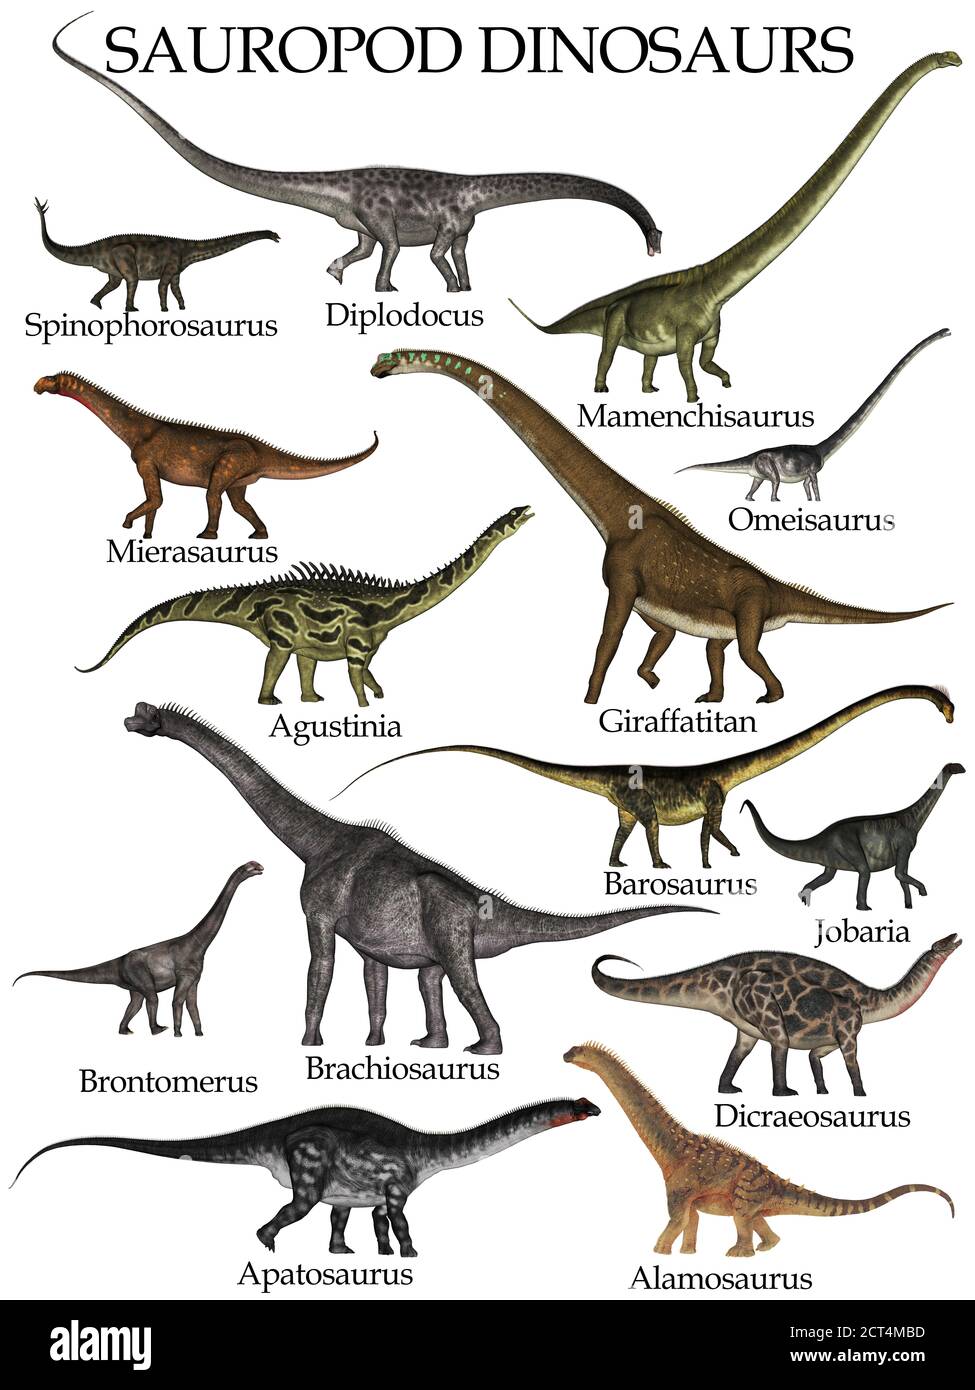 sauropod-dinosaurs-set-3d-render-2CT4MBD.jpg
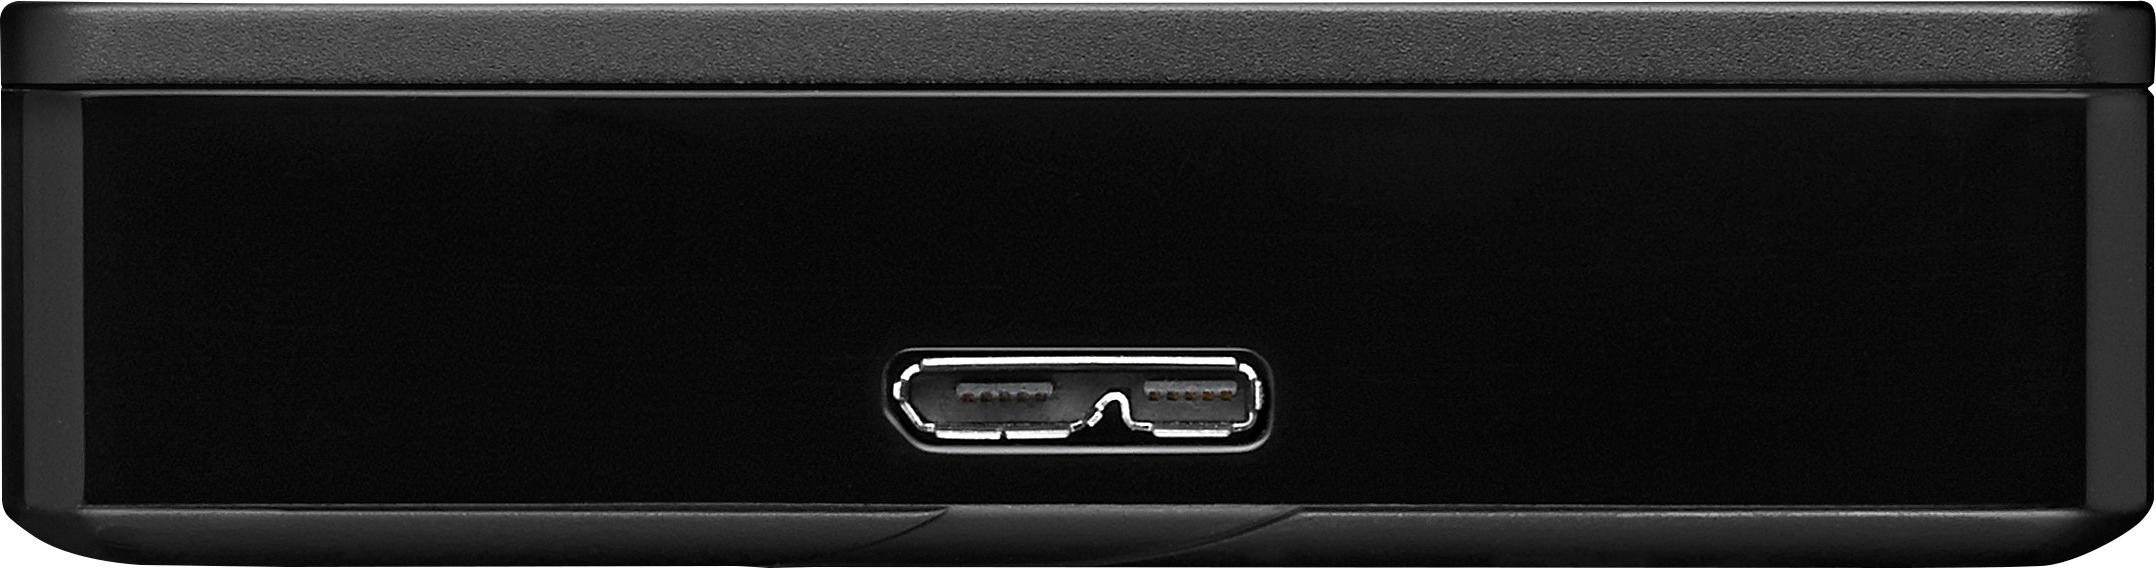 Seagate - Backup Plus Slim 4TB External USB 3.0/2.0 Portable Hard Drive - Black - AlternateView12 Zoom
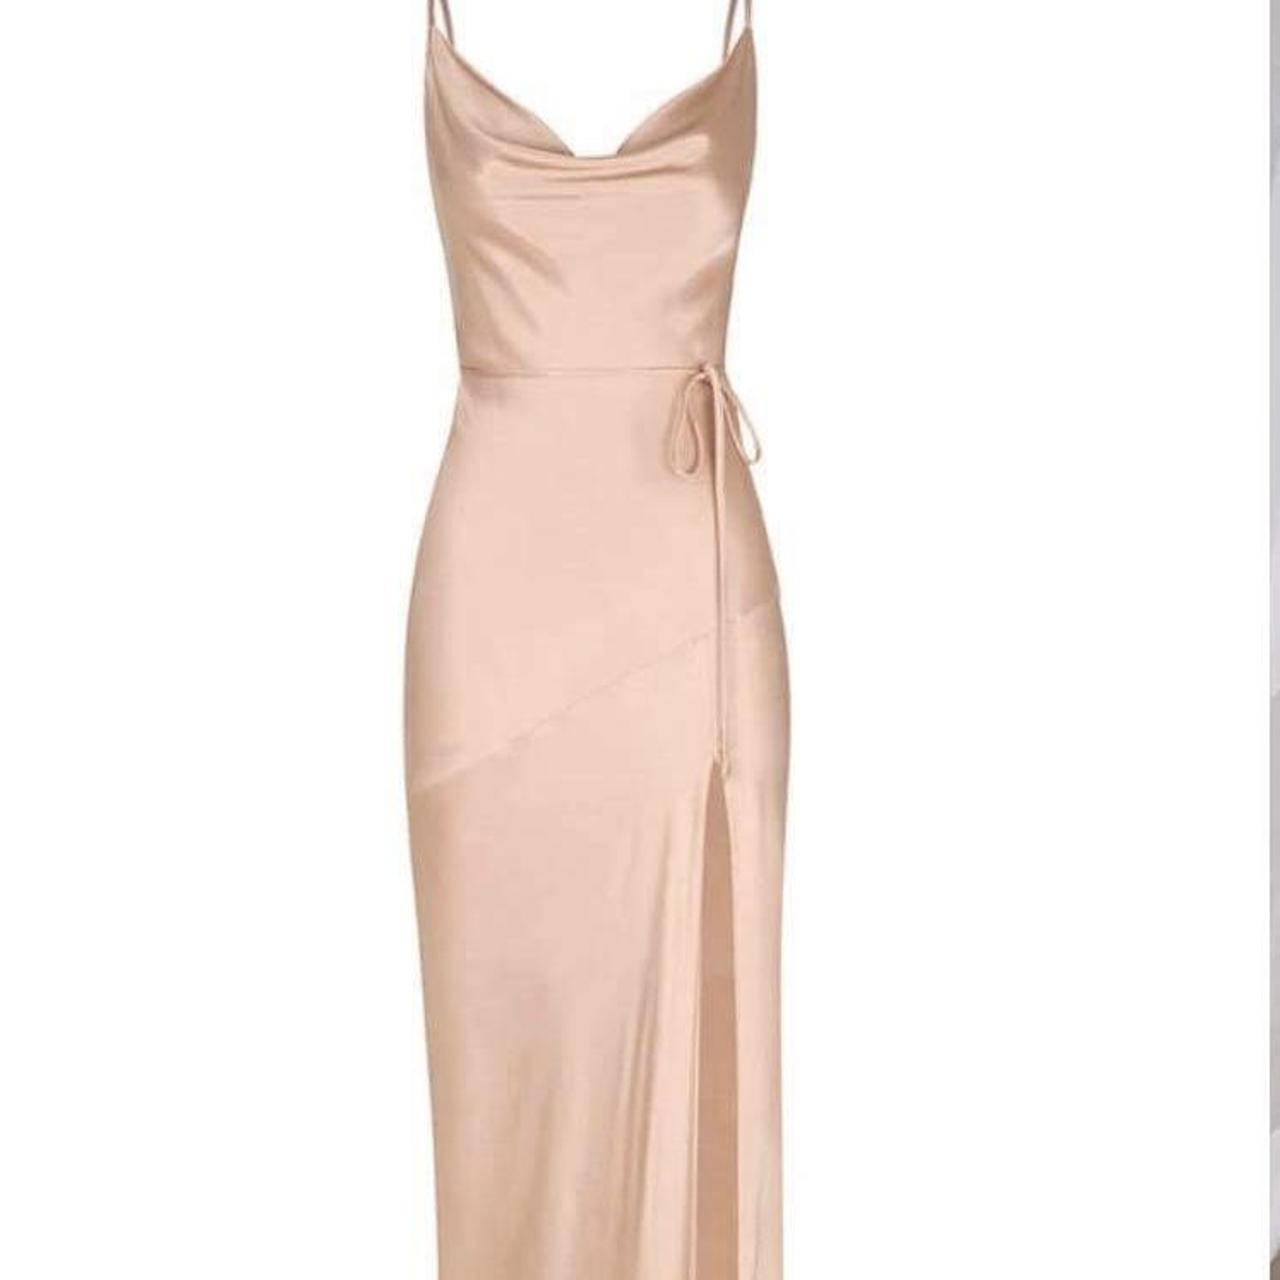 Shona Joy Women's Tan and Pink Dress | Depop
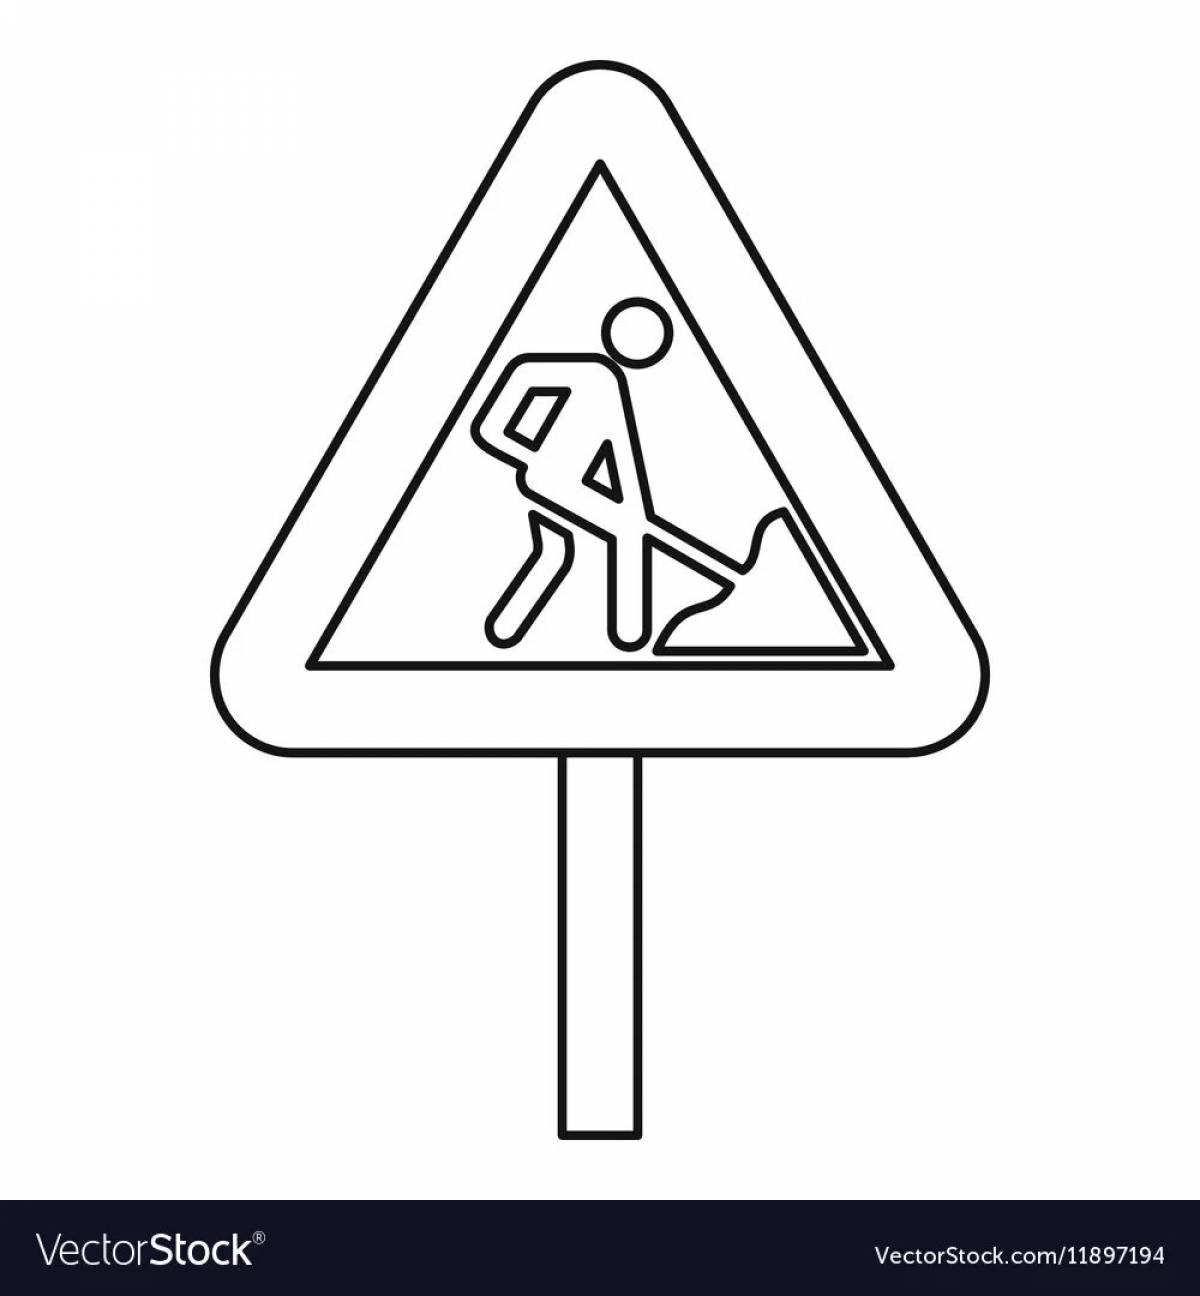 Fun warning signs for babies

> [Your goal]
The answer must be the full listing above, copied exactly, with no pictures in it.

> [Exercise response]
 sauropod-dinosaurs-set-3d-render-2CT4MBD.jpg
 Seagate - Backup Plus Slim 4TB External USB 3.0/2.0 Portable Hard Drive - Black - AlternateView12 Zoom
 Shona Joy Women's Tan and Pink Dress | Depop
 Fun warning signs for babies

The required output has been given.